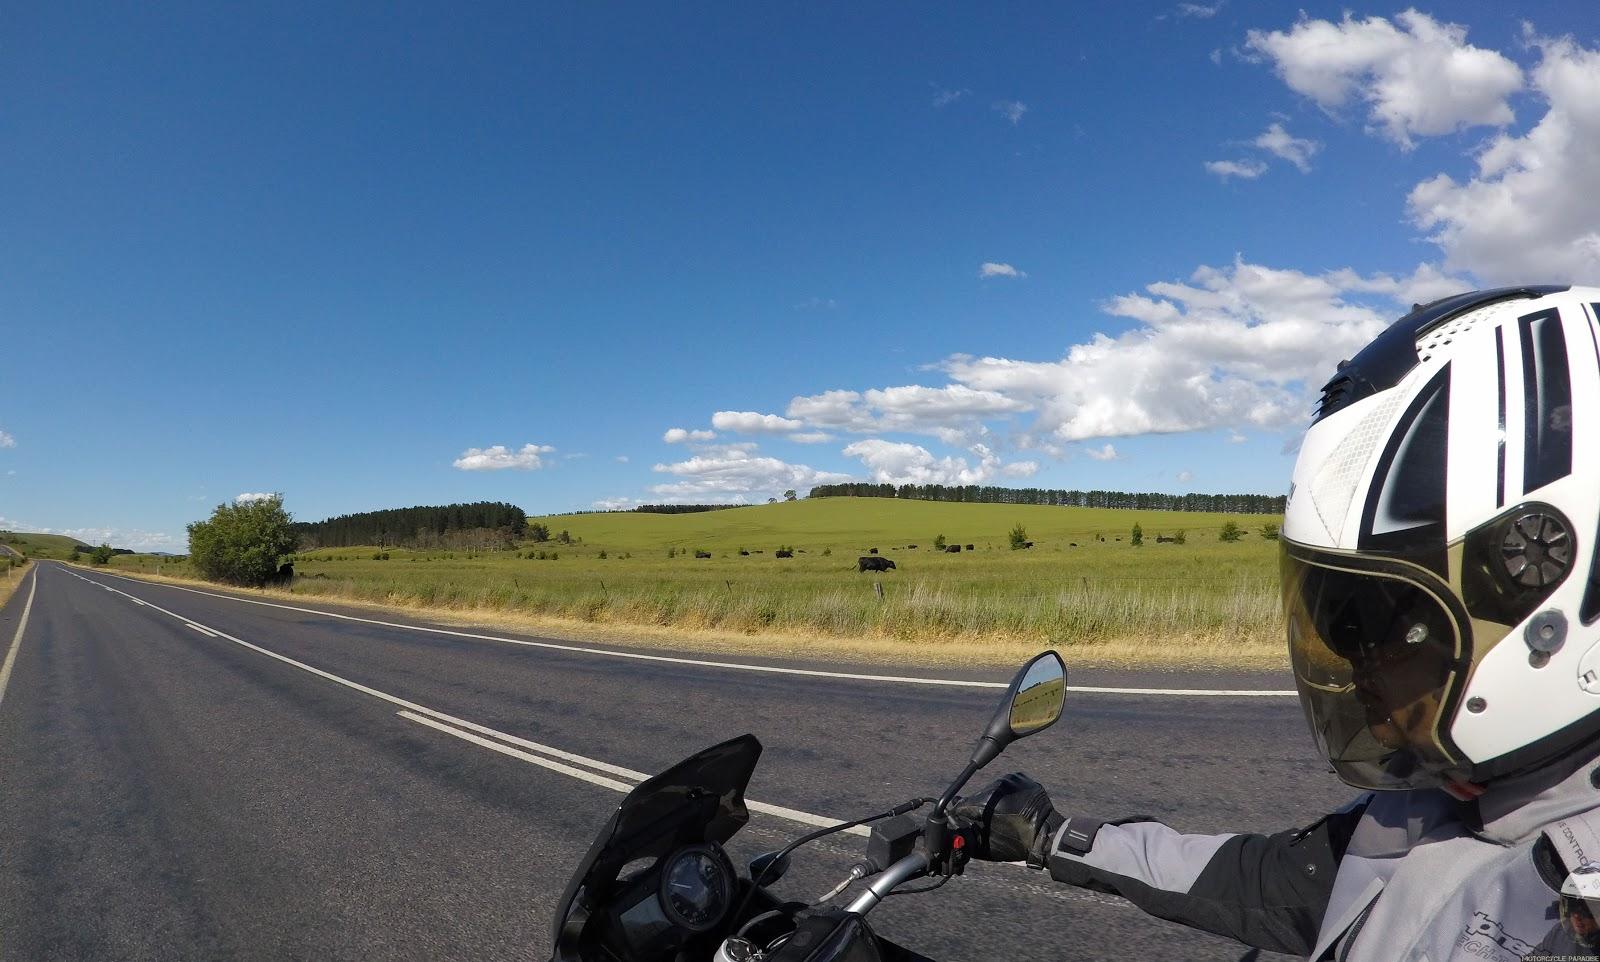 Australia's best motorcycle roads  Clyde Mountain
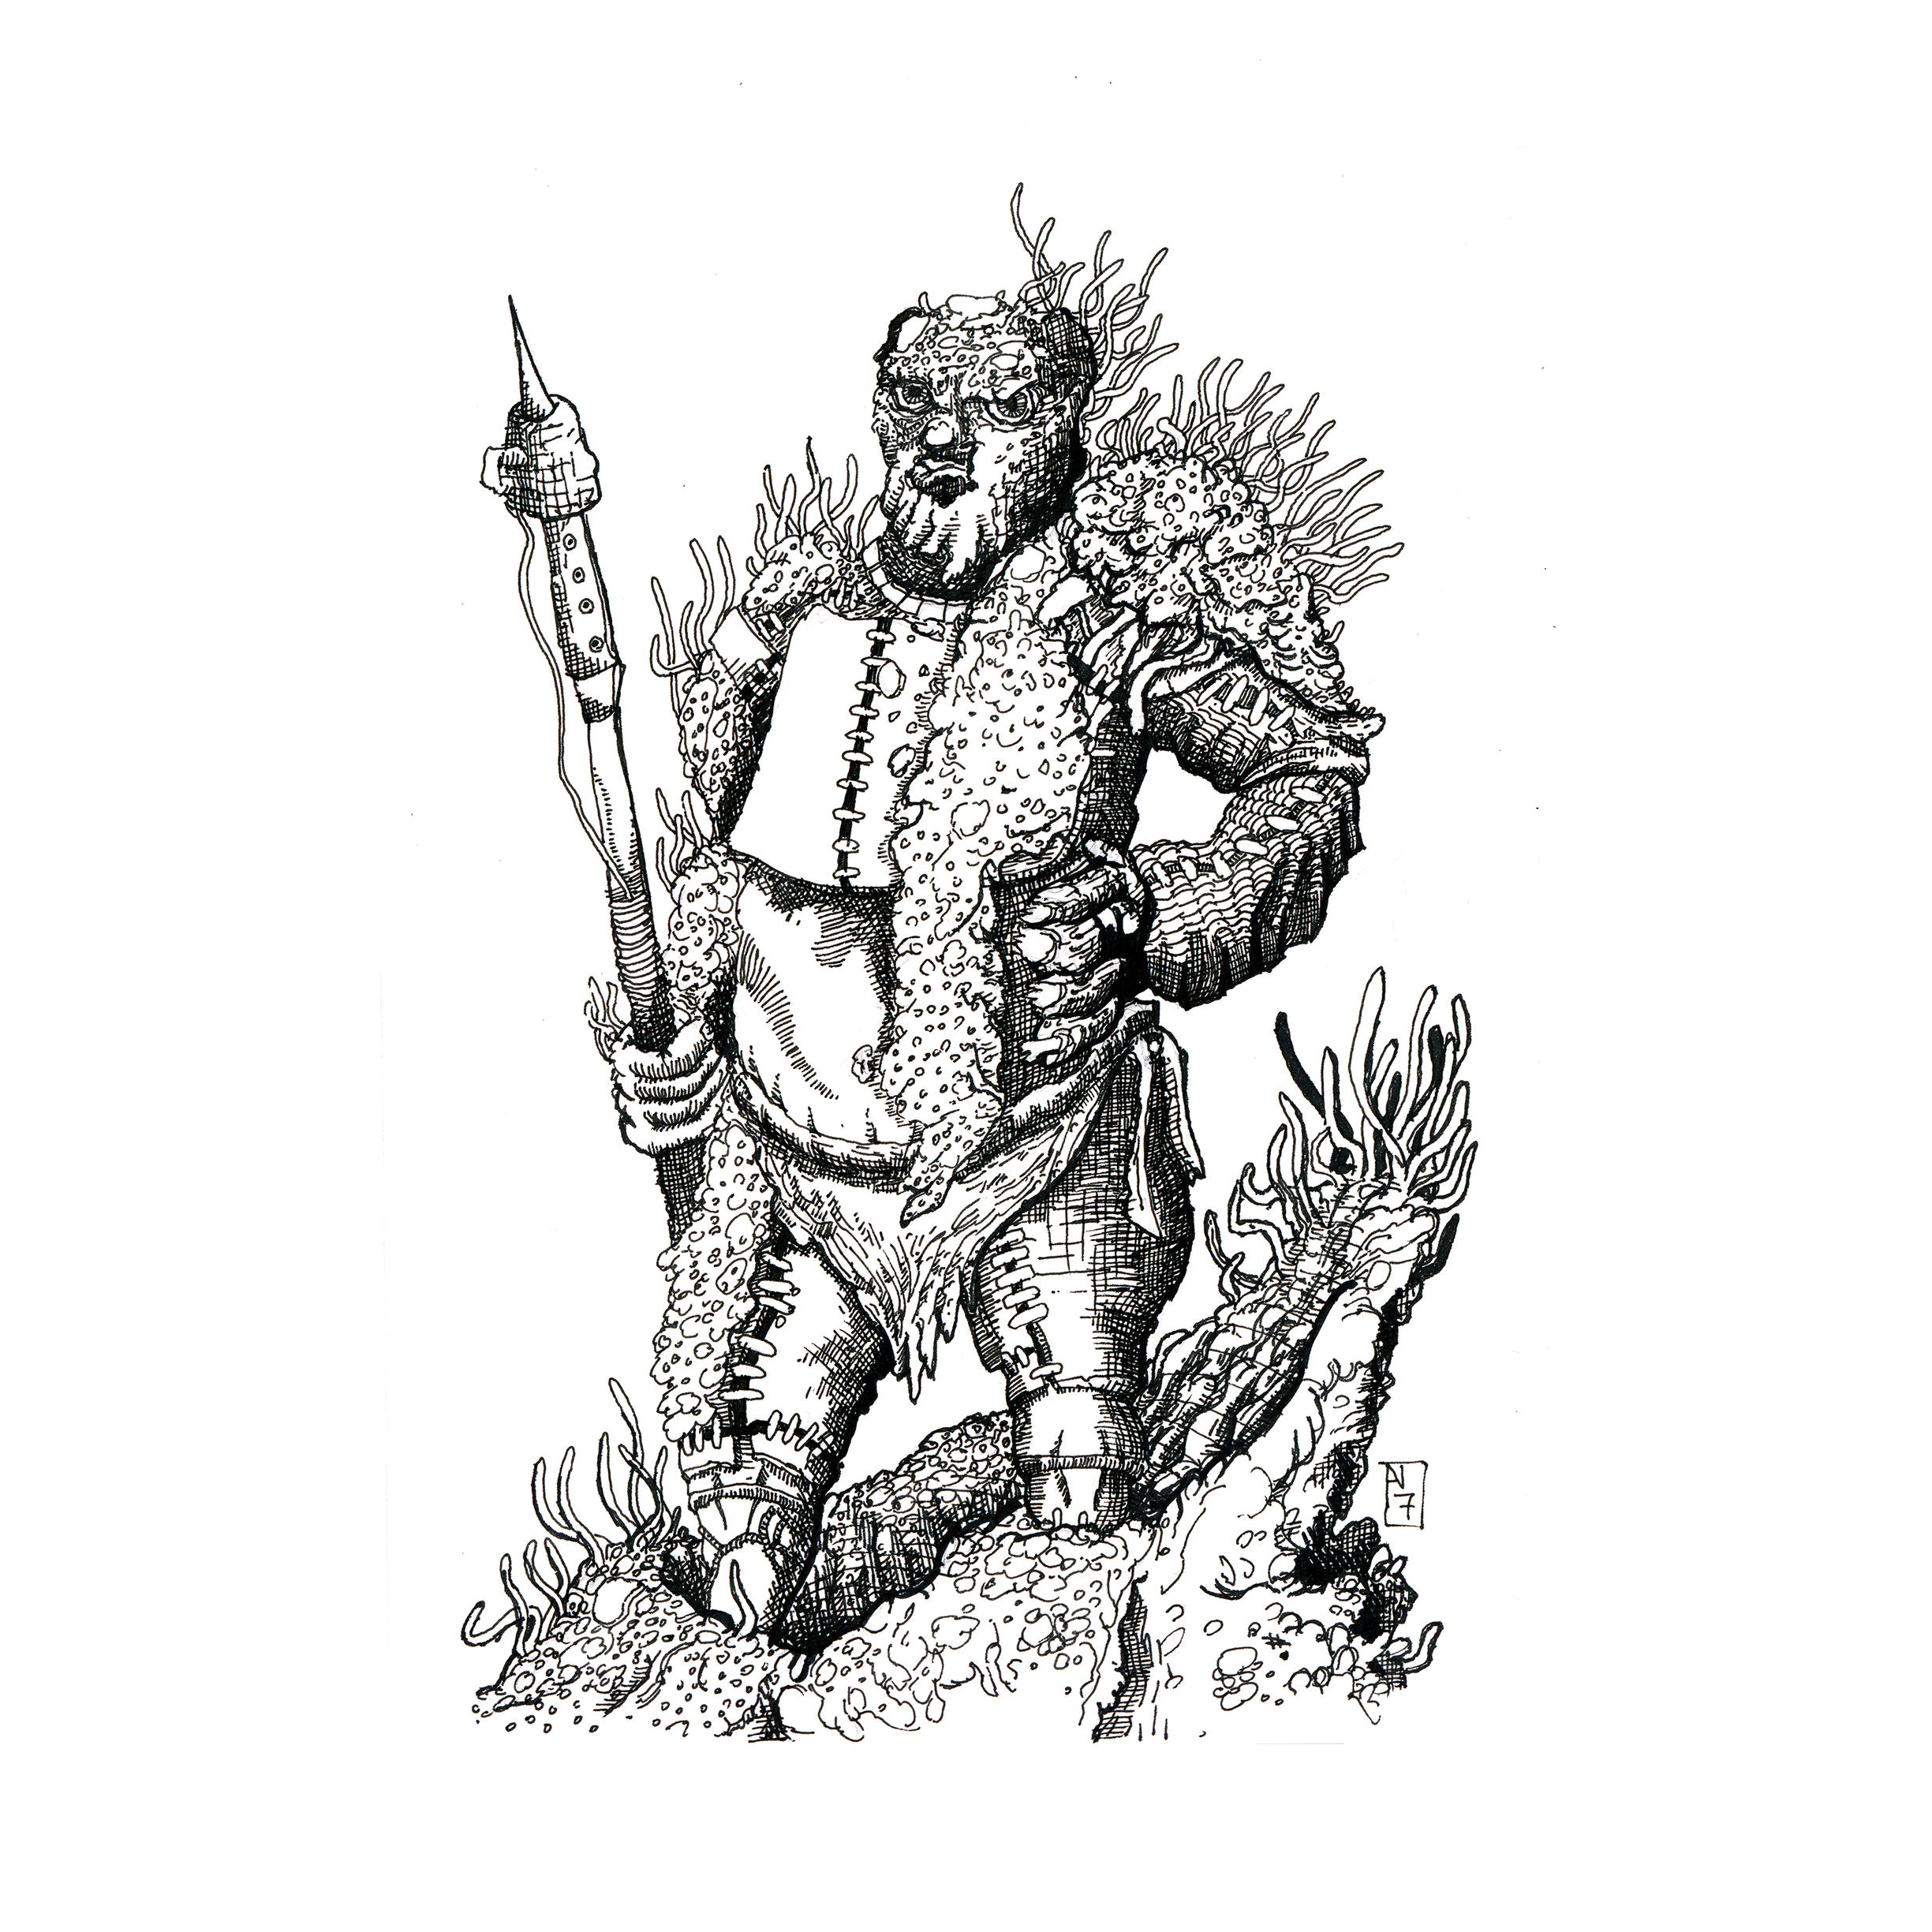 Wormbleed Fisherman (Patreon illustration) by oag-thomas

+===+

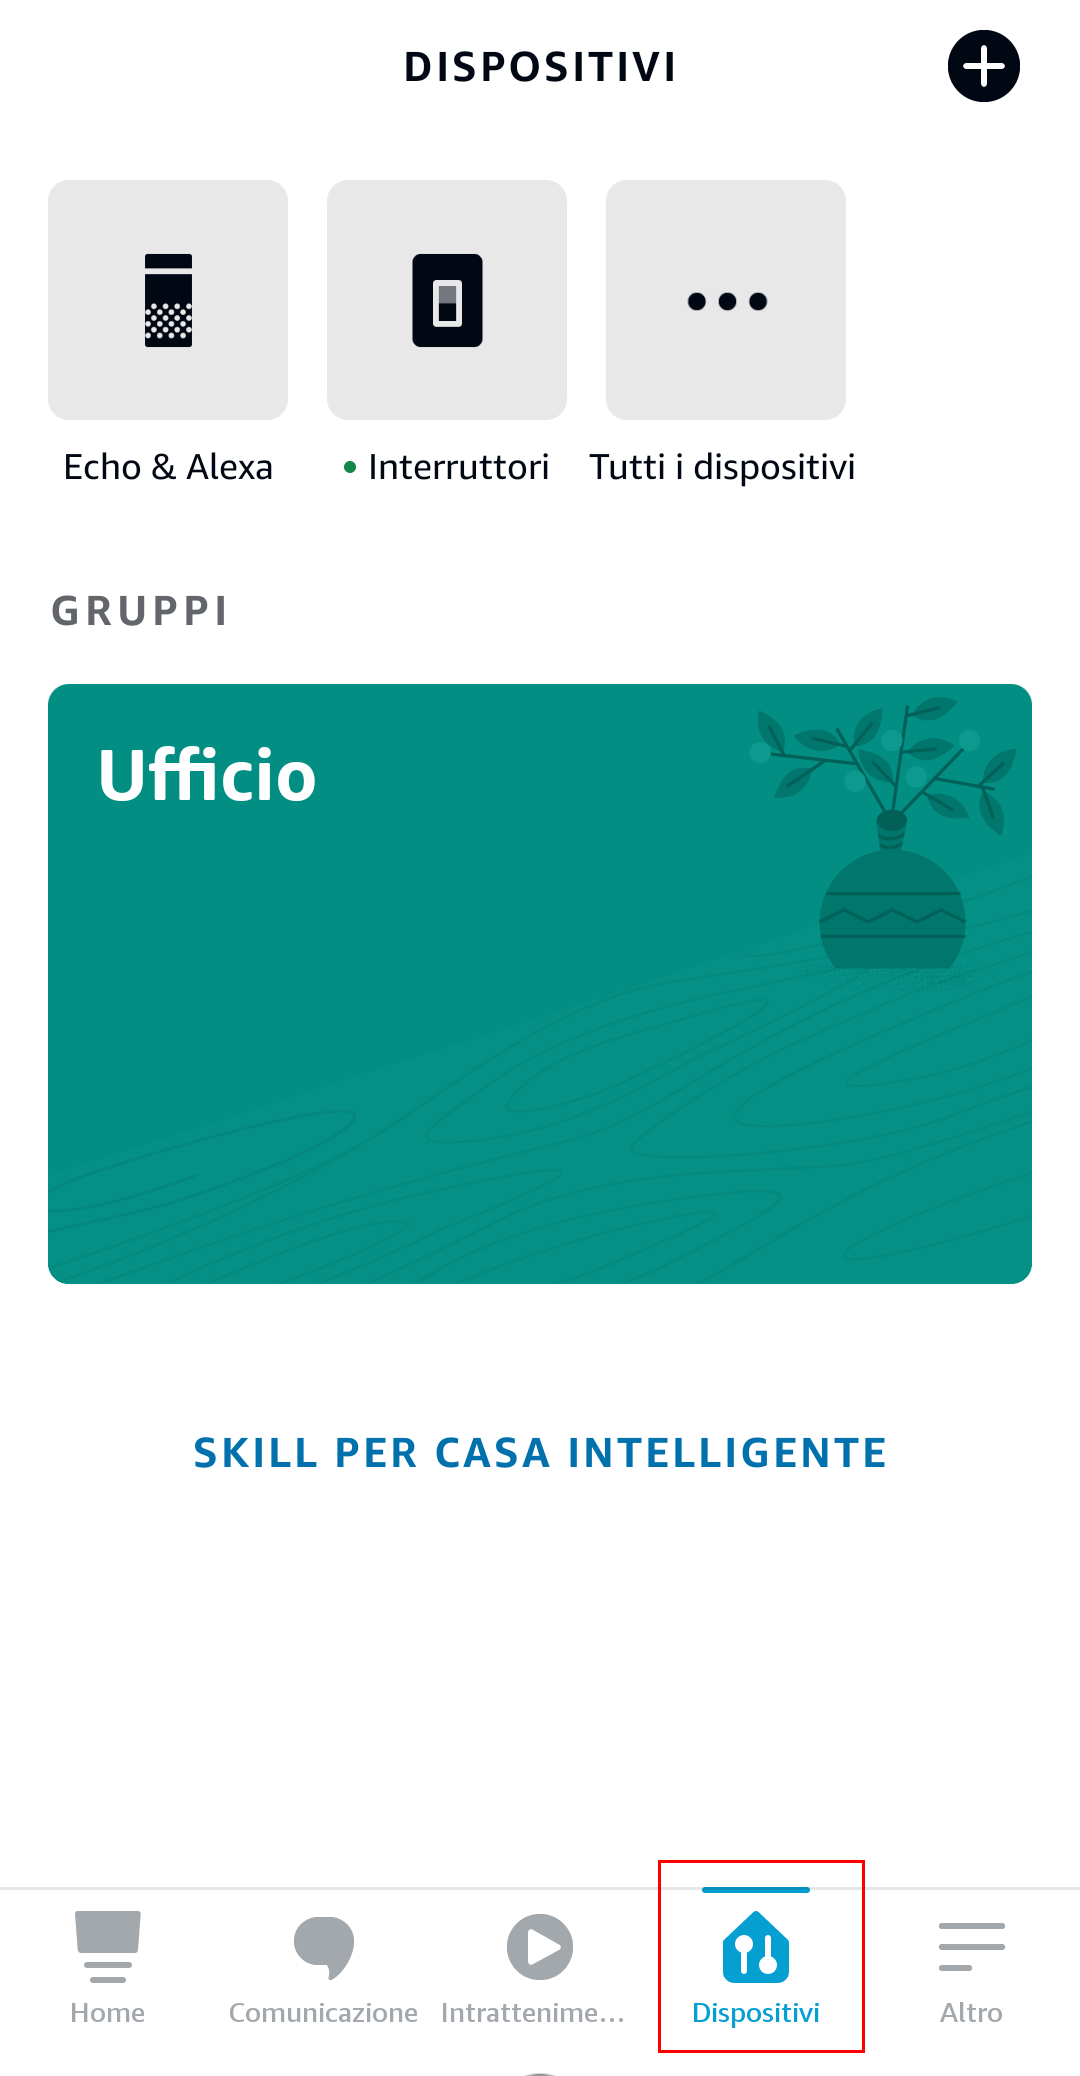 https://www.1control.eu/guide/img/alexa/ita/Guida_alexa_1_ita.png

+===+

--- To do ---
Those lines of the records above that run from the one containing "Australia's best motorcycle" through the one containing "Wormbleed Fisherman (Patreon" should be returned exactly, with no pictures among them.

--- Solution for this problem ---
 Australia's best motorcycle roads  Clyde Mountain
 Wormbleed Fisherman (Patreon illustration) by oag-thomas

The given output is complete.